Her own experience of miscarriage and the heartbreak of several failed IVF attempts led her to look again at this very unique Japanese art of grieving. Now she hopes that the practice could spread from Japan to the West, to provide comfort to those who experience the loss of a baby in pregnancy.
In this country, around one in every four pregnancies ends in miscarriage and the HSE says the figures show that 360 stillbirths are registered in Ireland every year.
And while Patricia says everyone’s experience of grief is unique and no two people will react in the same way to a loss, many find it difficult to know how to move on and where to seek solace and comfort. She says creating a secular ritual around the Jizo figure may, for some, be a way to honour the life that never realised its potential.
“Ritual is a hugely healing thing,” says Patricia. “We engage in it much more often that we think. It’s not just weddings and funerals – so many things from sport to concerts, to court appearances, so much that we do is encased in the metaphor of ritual.
“Everyone understands protocols and traditions in ritual without necessarily thinking about it. The Irish wake is one of the great examples of a healing ritual as both celebration and mourning.”
After graduating, she started to offer these secular rituals to people in the US, who wanted to honour their baby. And in carrying out these rituals, she says, she has come across the most amazing stories of the grief people have carried, sometimes for decades.
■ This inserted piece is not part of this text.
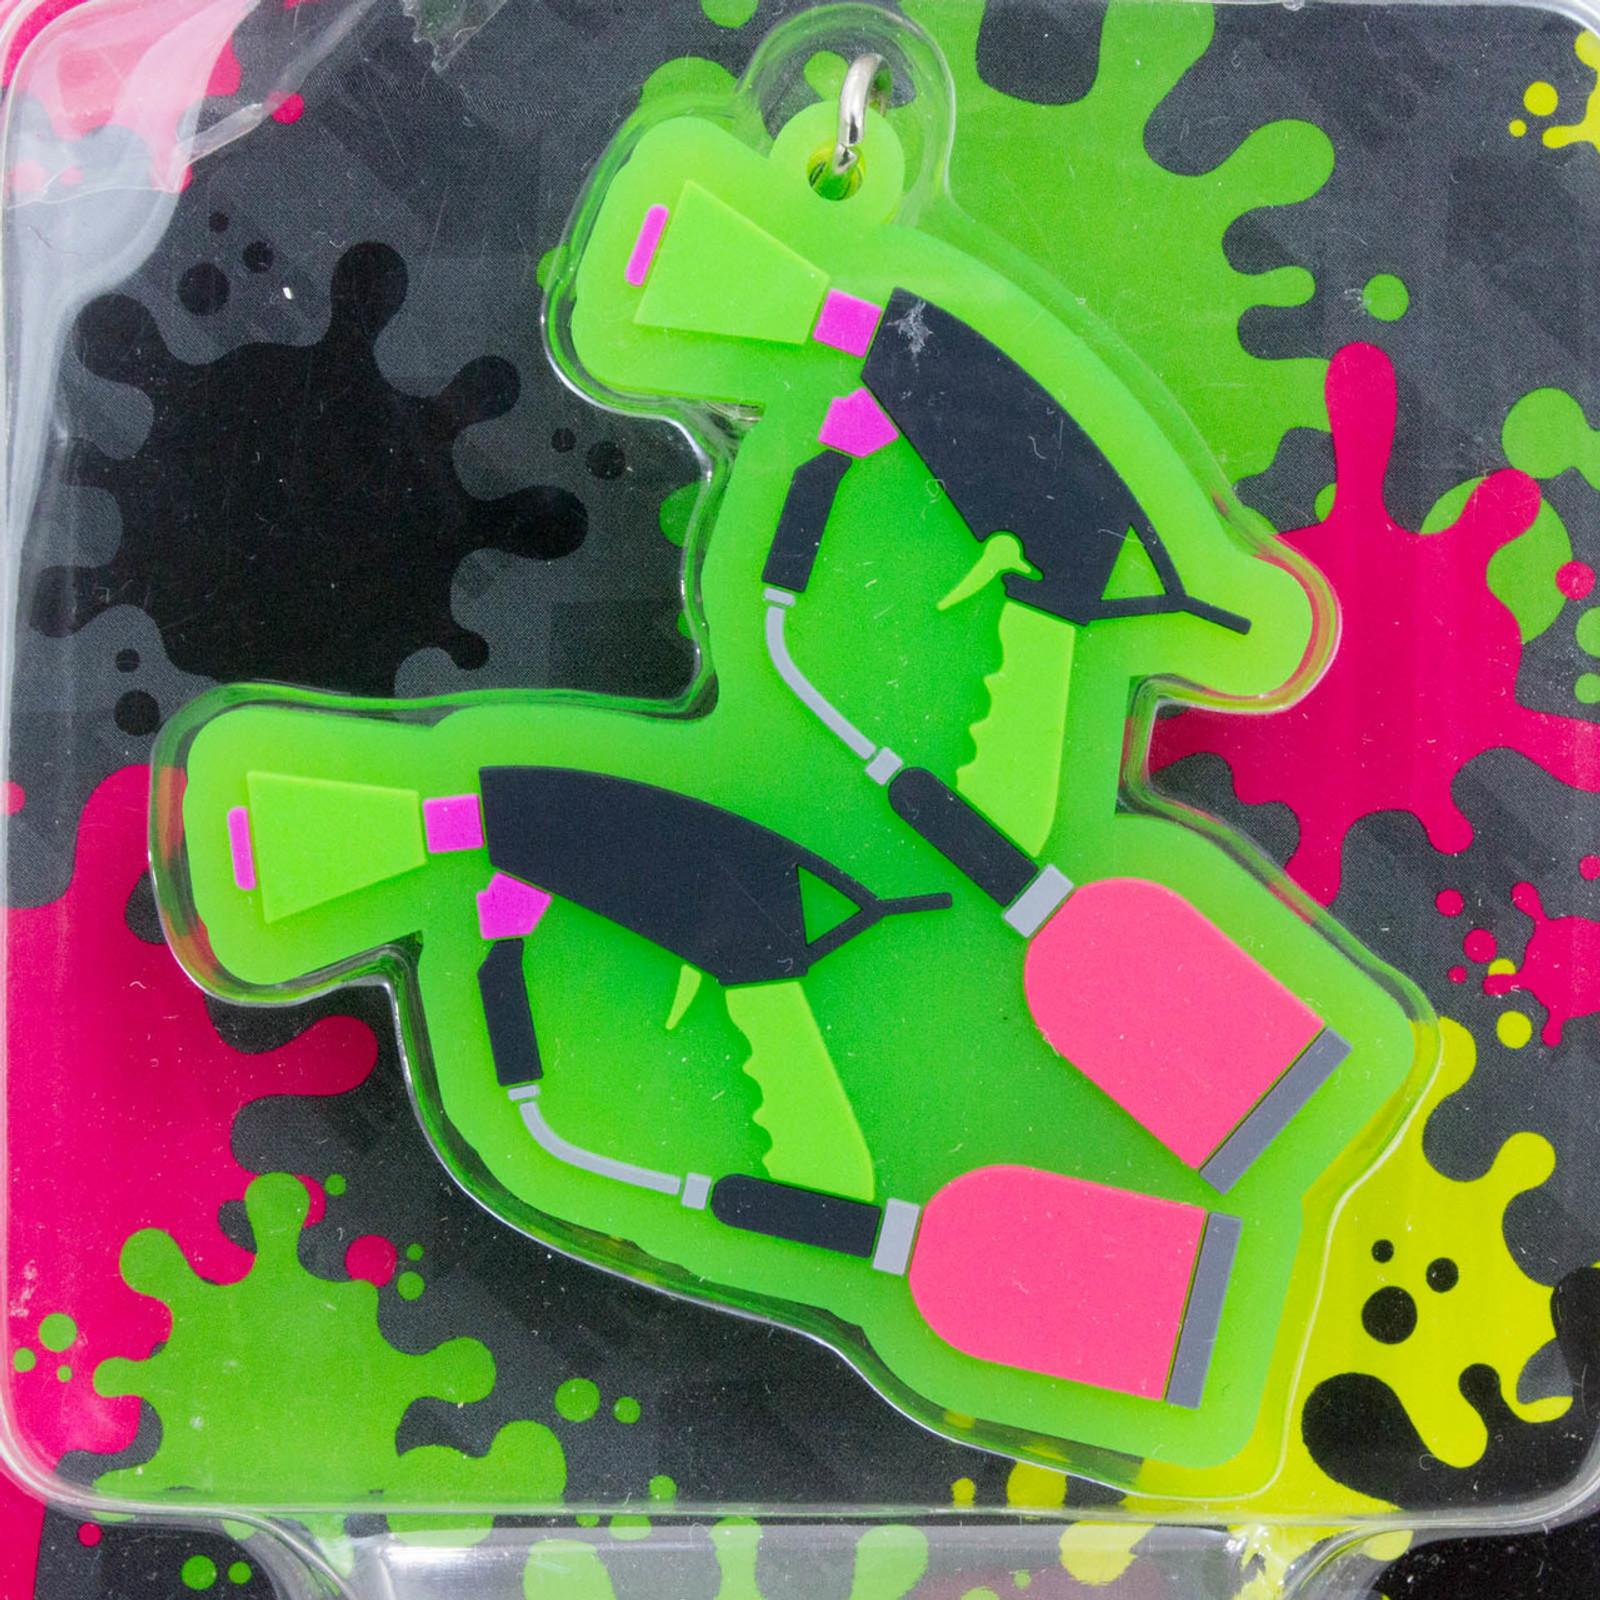 Splatoon 2 Splat Dualies Rubber Charm Collection JAPAN Nintendo Switch
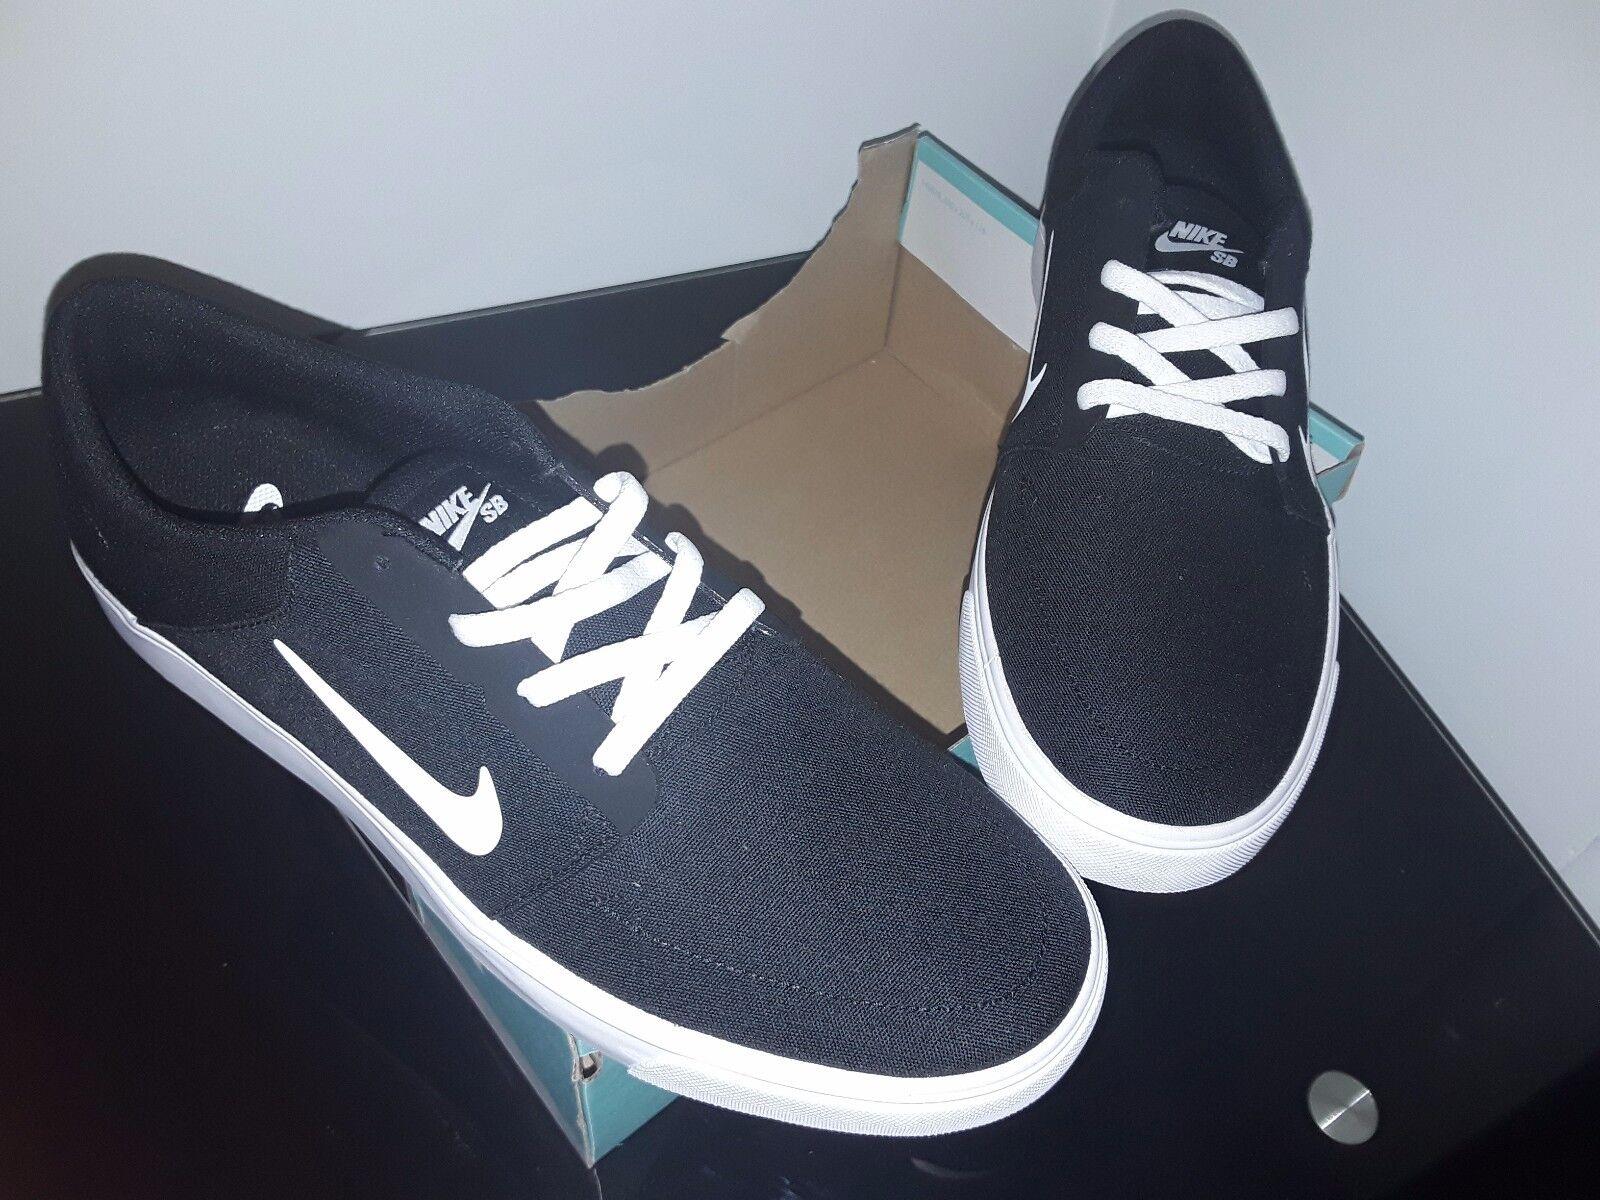 Nike SB 001 PORTMORE CNVS Zapatos  723874 001 SB nuevo para hombre e8d4a4

She recalls meeting a family who had experienced a miscarriage many years ago. The couple’s 12 year-old son wrote a letter as part of the family’s ritual to commemorate the sister he had longed for, crying as he read his letter aloud, lamenting that he never got to meet her.
On another occasion, only a few weeks ago, she met an artist who knew nothing about this tradition and who held a Jizo statue in his hand for only a minute before breaking down in floods of tears. He shared the fact that his wife had experienced six miscarriages and that their dream of having a “big, noisy house full of kids” was shattered by recurrent pregnancy loss. Thirty years of his cumulative grief came tumbling out, says Patricia.
Her rituals have become what she calls a marrying of her own experience and studies with what the Japanese have been doing for the last 60 years or so.
“I come to clients’ houses and I make a little shrine in their garden. It’s built around the Jizo statue combined with elements of nature, like a tree or a rose bush or whatever plants might be meaningful. We create a sacred space that people can visit and tend to. People are finding it really healing and I’m getting amazing responses. The family can customise the ritual in their own way, writing letters or singing songs with the centrepiece as the Jizo statue. Again and again, everyone tells me ‘this is so needed’,” she says.
“I think men’s grief can often get forgotten. I particularly try to reach out to men’s groups and I encourage the inclusion of grandparents, uncles and aunts in the rituals, who also have their pain at the loss of the baby”.
While she’s currently engaged with doing the rituals on a private basis, Patricia would love to see the idea be embraced at a more public level whereby small areas of public spaces would be given over to these kinds of memorials. Some land has been donated in Los Angeles to create one of these spaces and Patricia is consulting with a town in New Hampshire that wants to create such a space in a public park.
“When I heard about the Irish government’s plans to plant a million trees over the coming years, I thought it would be a wonderfully healing thing culturally, if a small space could be created in this for babies who died in this country, including Ann Lovett and her baby, the Tuam babies and other such tragedies.”
She believes that by honouring loss in this way, the way the loss of a baby through miscarriage or stillbirth could become more normalised within the culture and in conversation, people could recognise that it’s a part of life instead of being taboo.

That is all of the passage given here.